Start of Source material

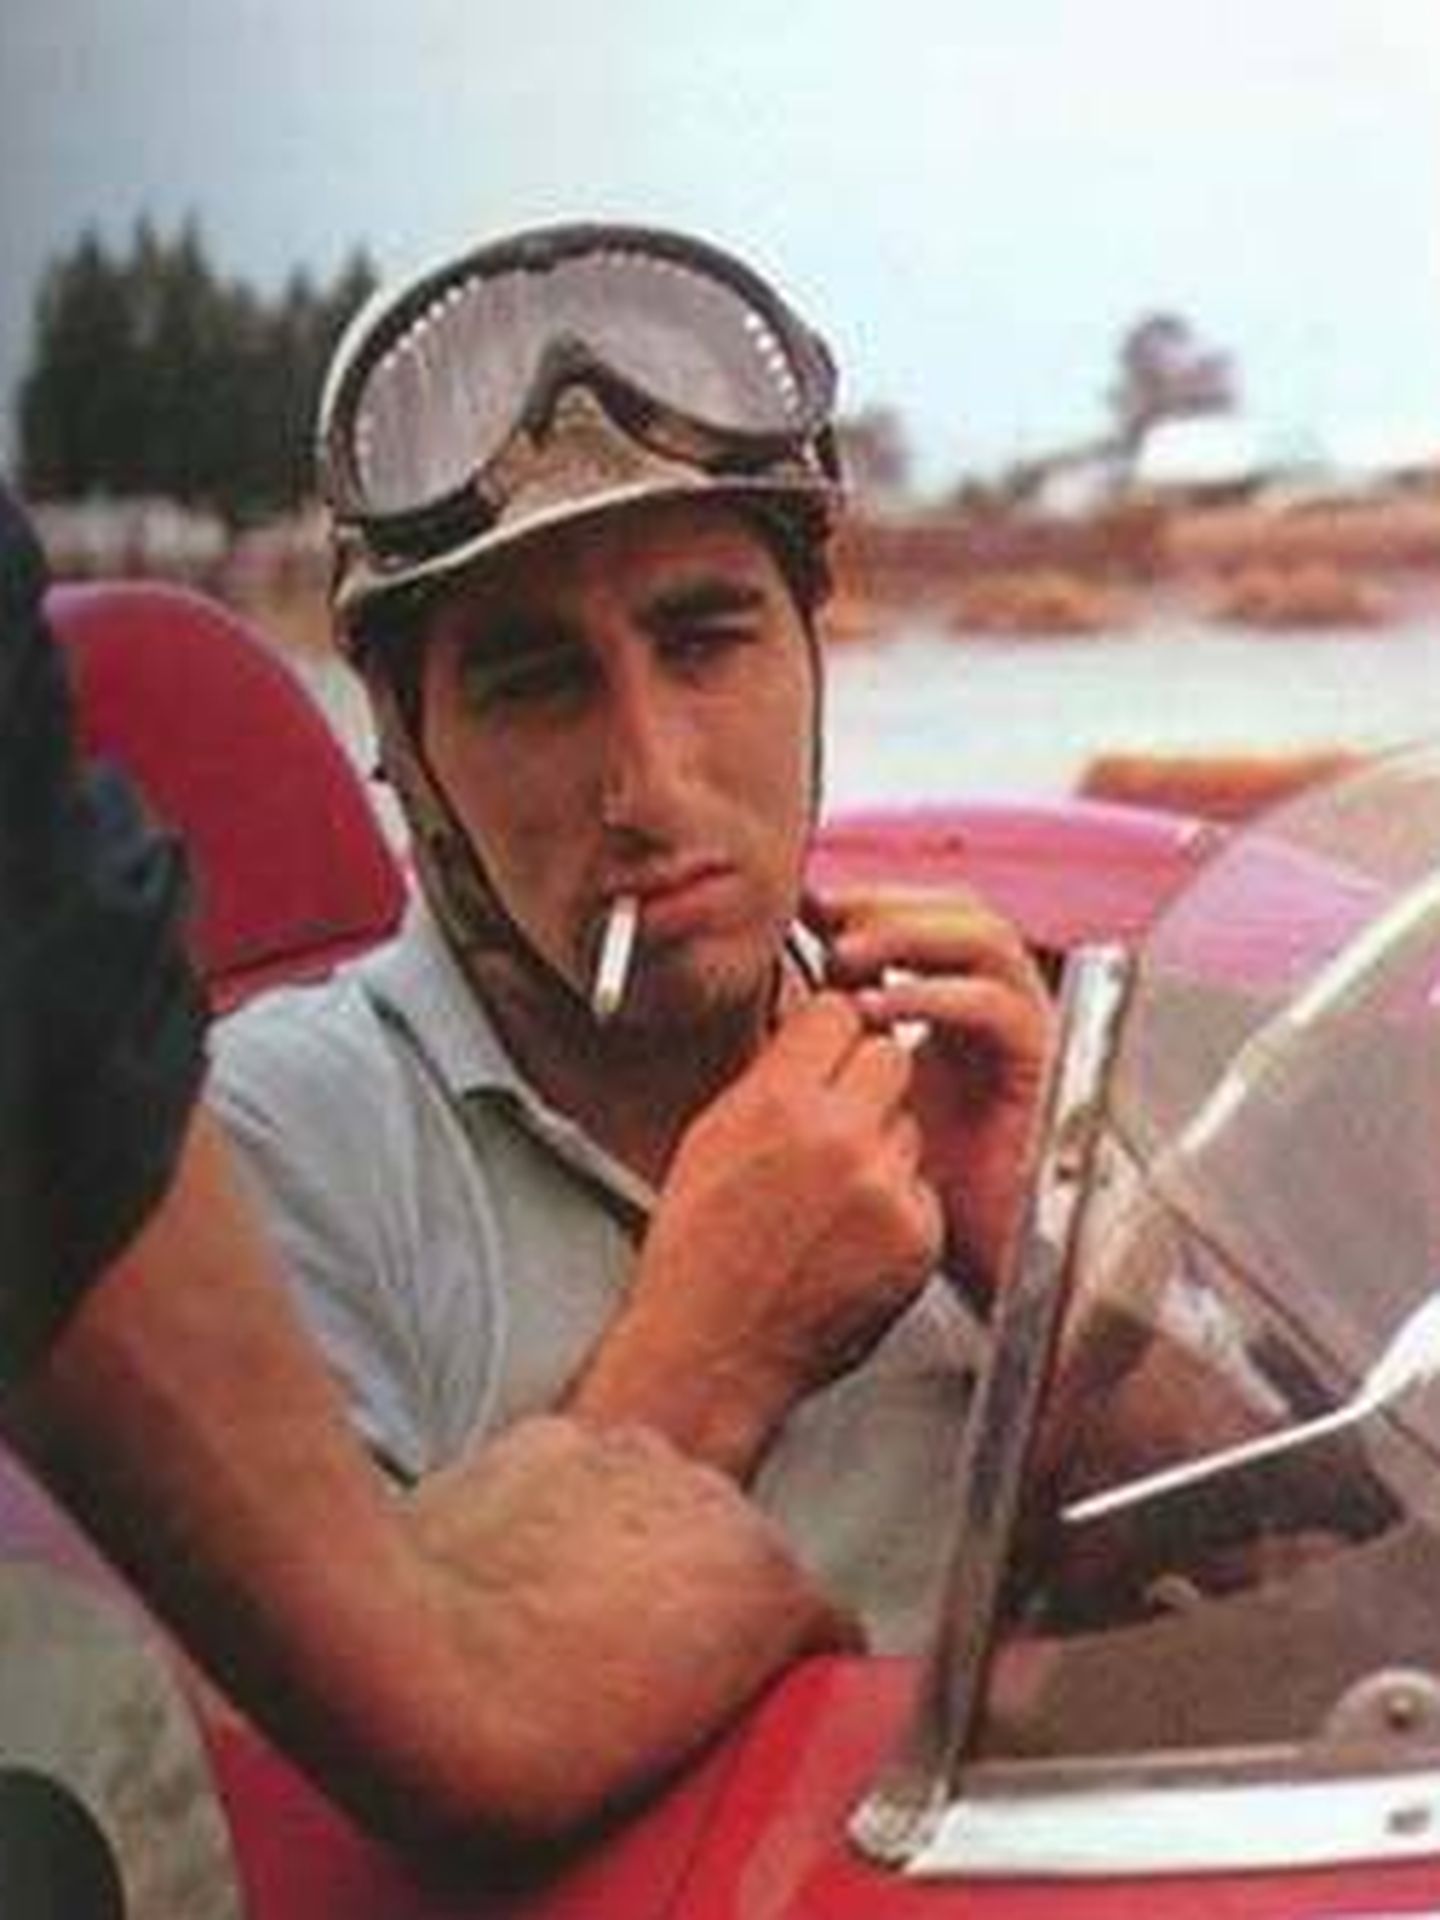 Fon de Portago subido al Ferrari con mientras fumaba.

End of Source material
Start of Source material

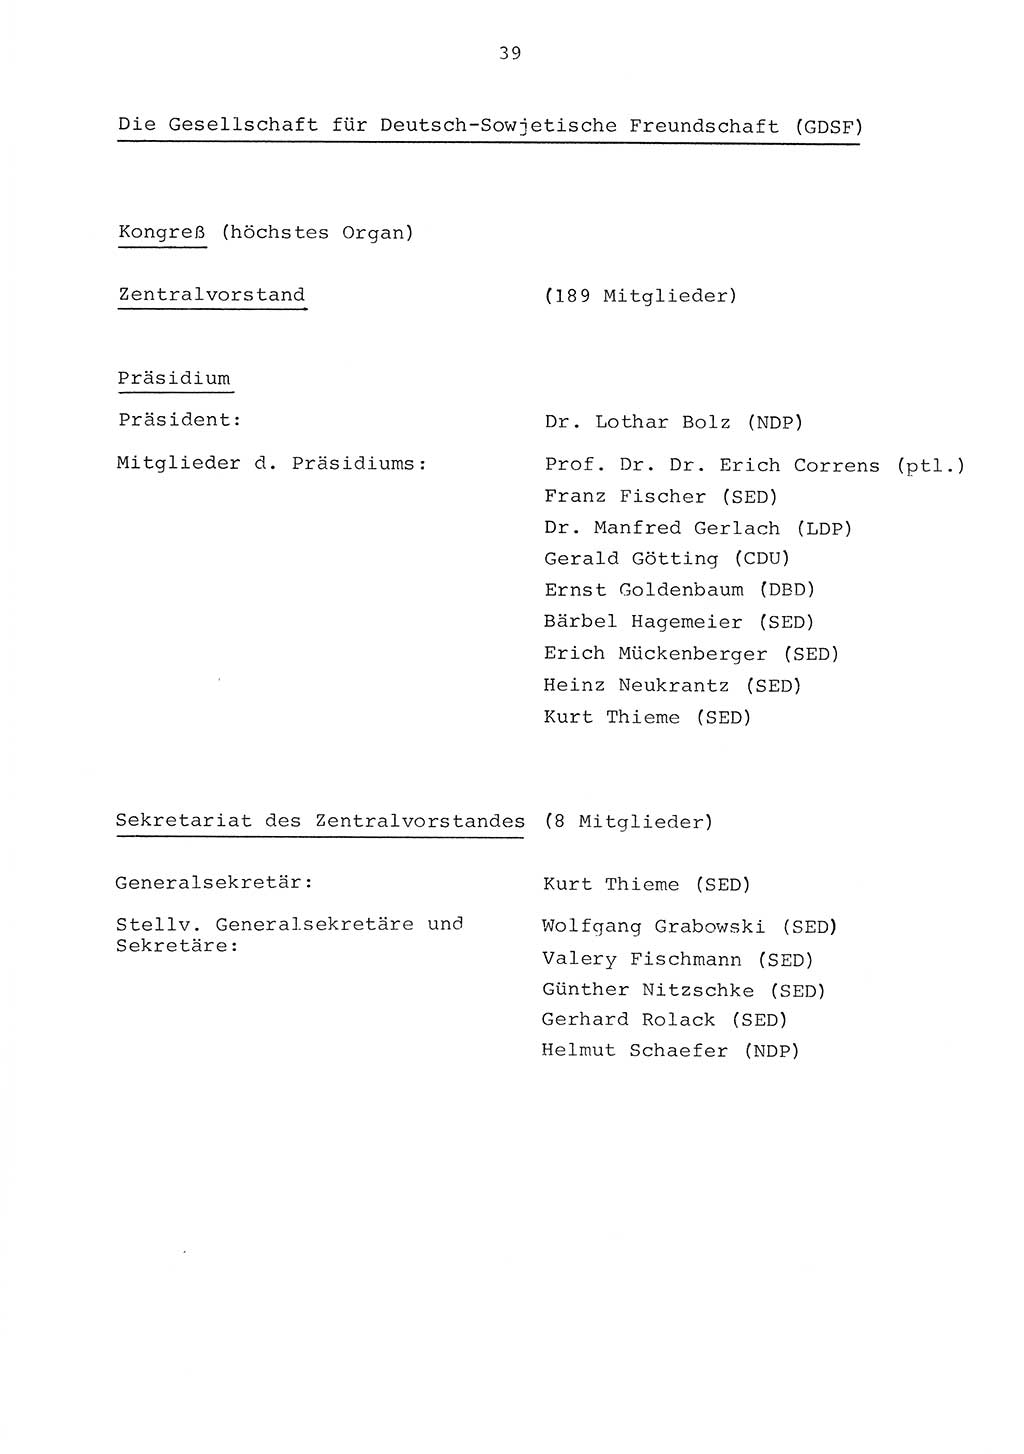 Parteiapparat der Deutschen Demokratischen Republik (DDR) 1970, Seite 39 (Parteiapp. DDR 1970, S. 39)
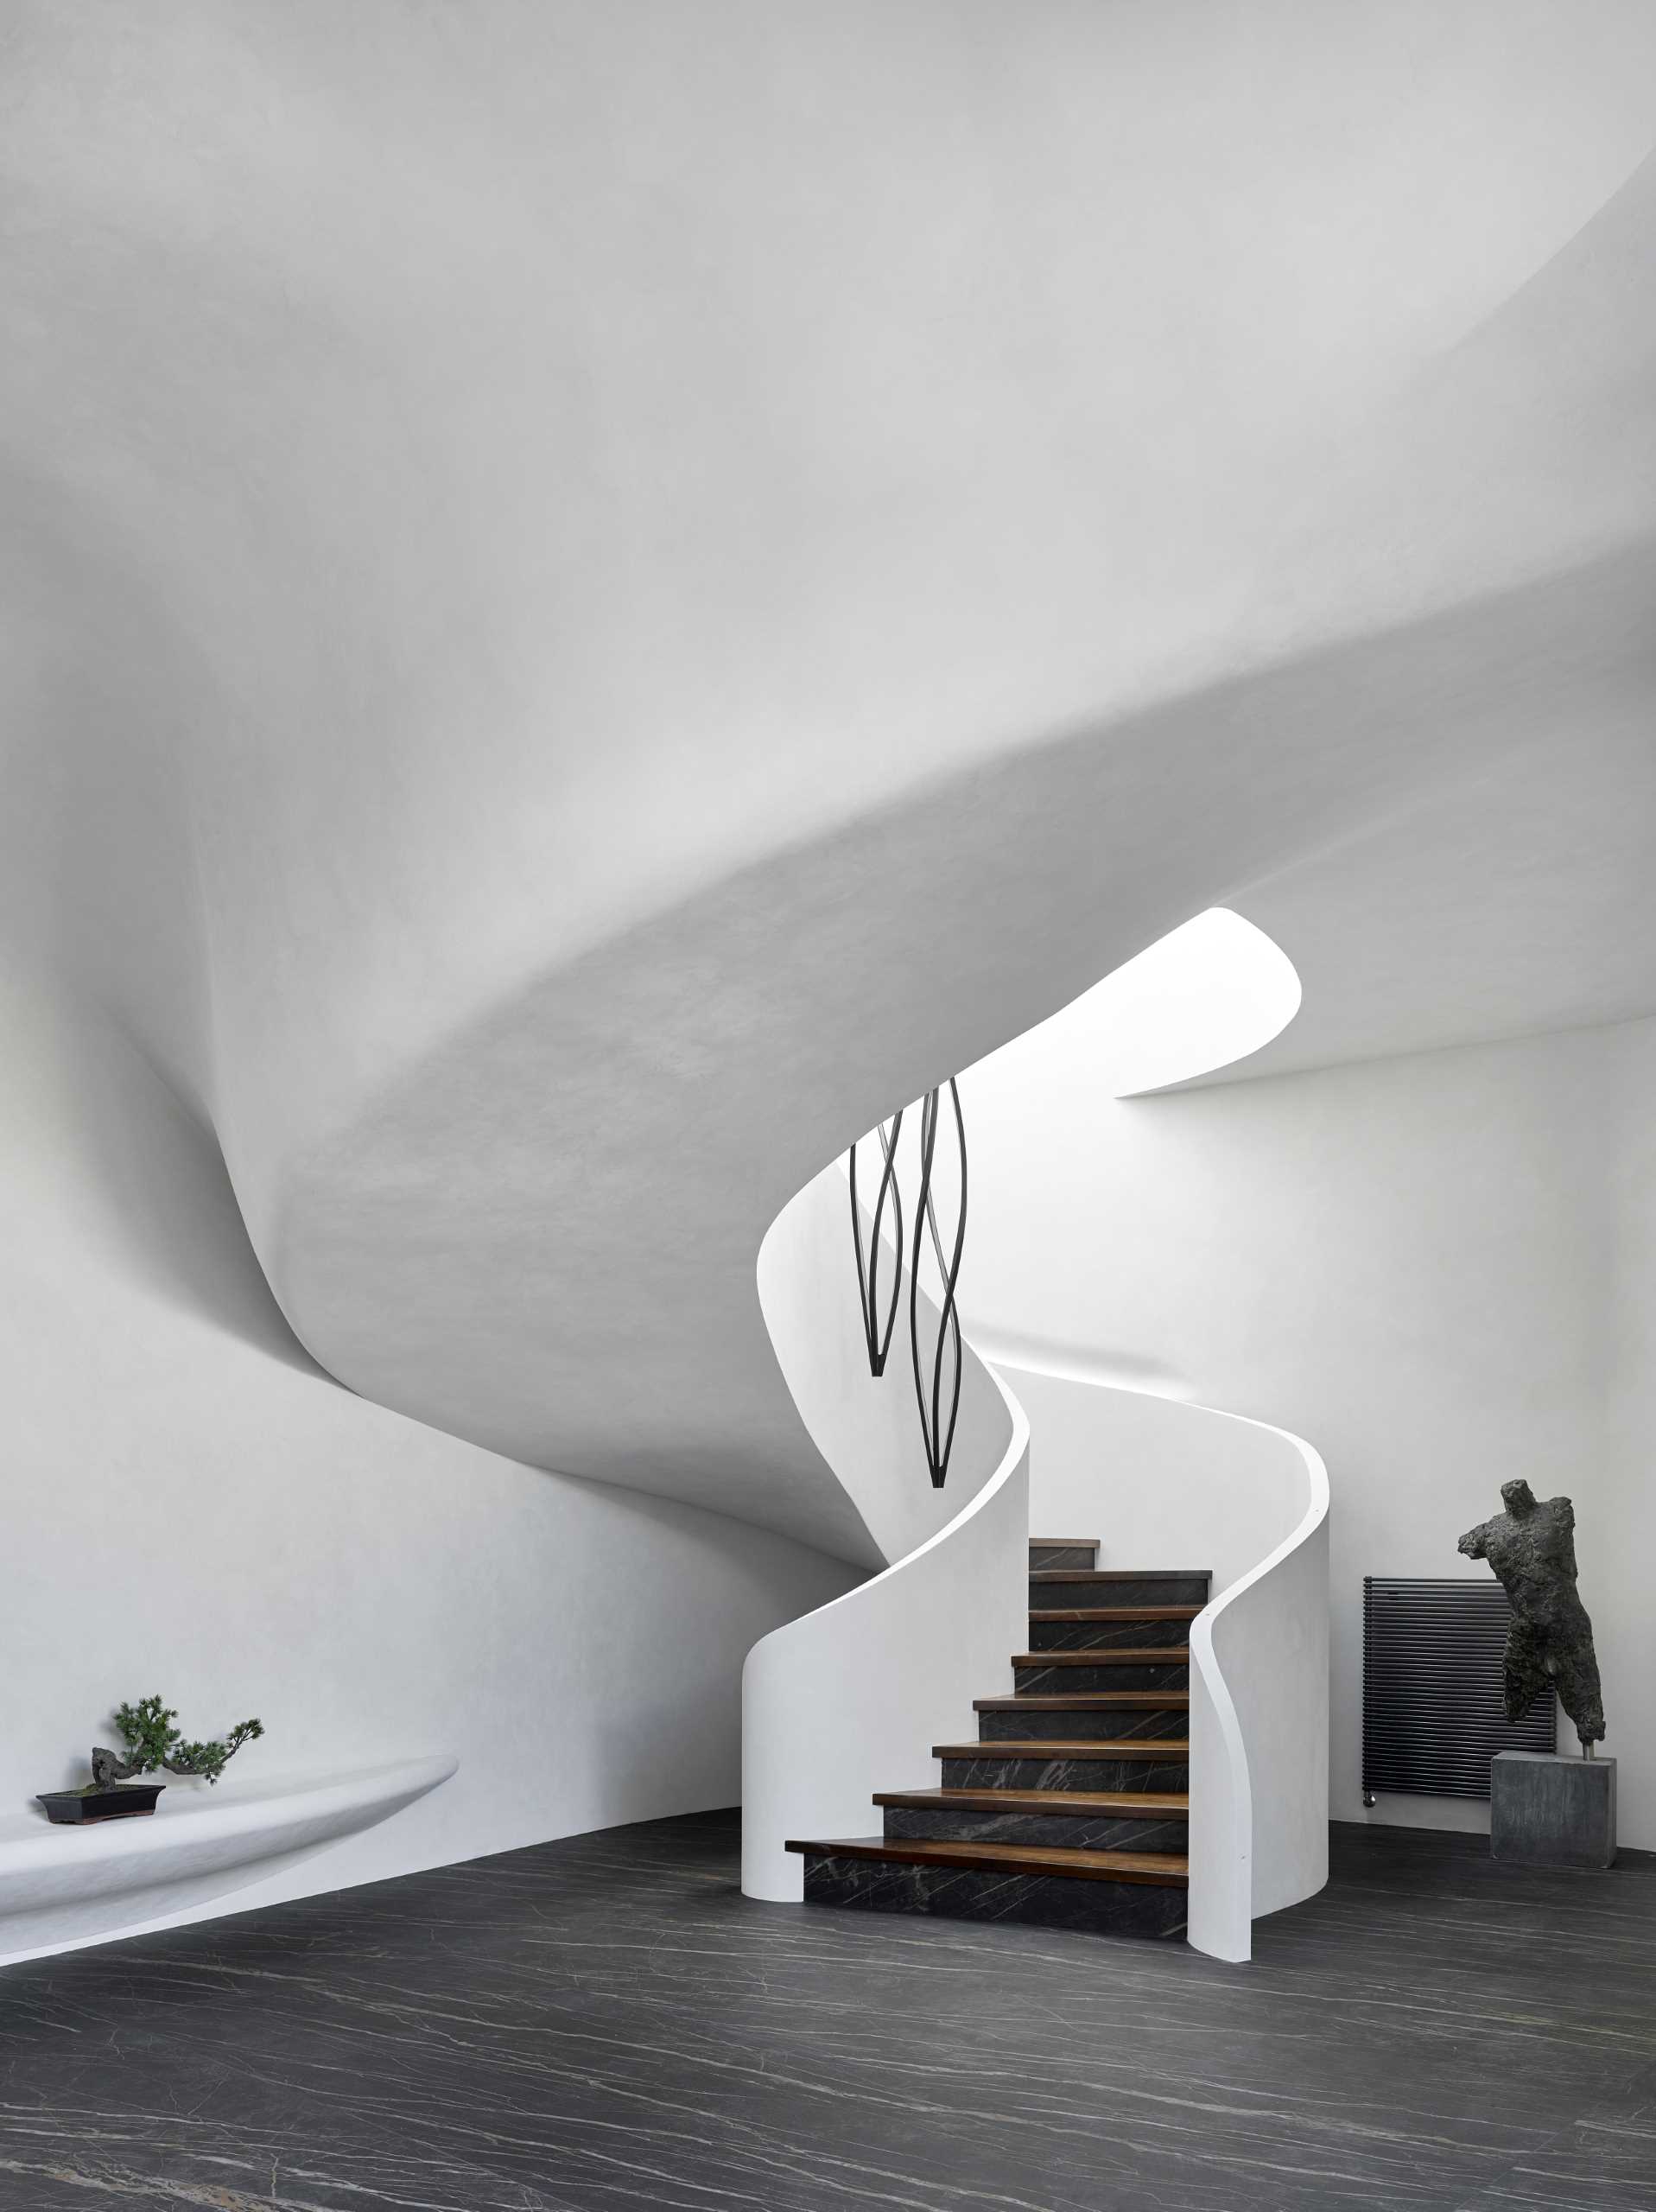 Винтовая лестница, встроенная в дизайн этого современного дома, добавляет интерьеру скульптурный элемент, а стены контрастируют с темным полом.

End of Source material

* How to complete this task *
Each line above that falls between the line with "Parteiapparat der Deutschen" and the line with "Винтовая лестница, встроенная" should be printed exactly, together with those two lines, but the pictures should not.

* Written answer *
 Parteiapparat der Deutschen Demokratischen Republik (DDR) 1970, Seite 39 (Parteiapp. DDR 1970, S. 39)
 Винтовая лестница, встроенная в дизайн этого современного дома, добавляет интерьеру скульптурный элемент, а стены контрастируют с темным полом.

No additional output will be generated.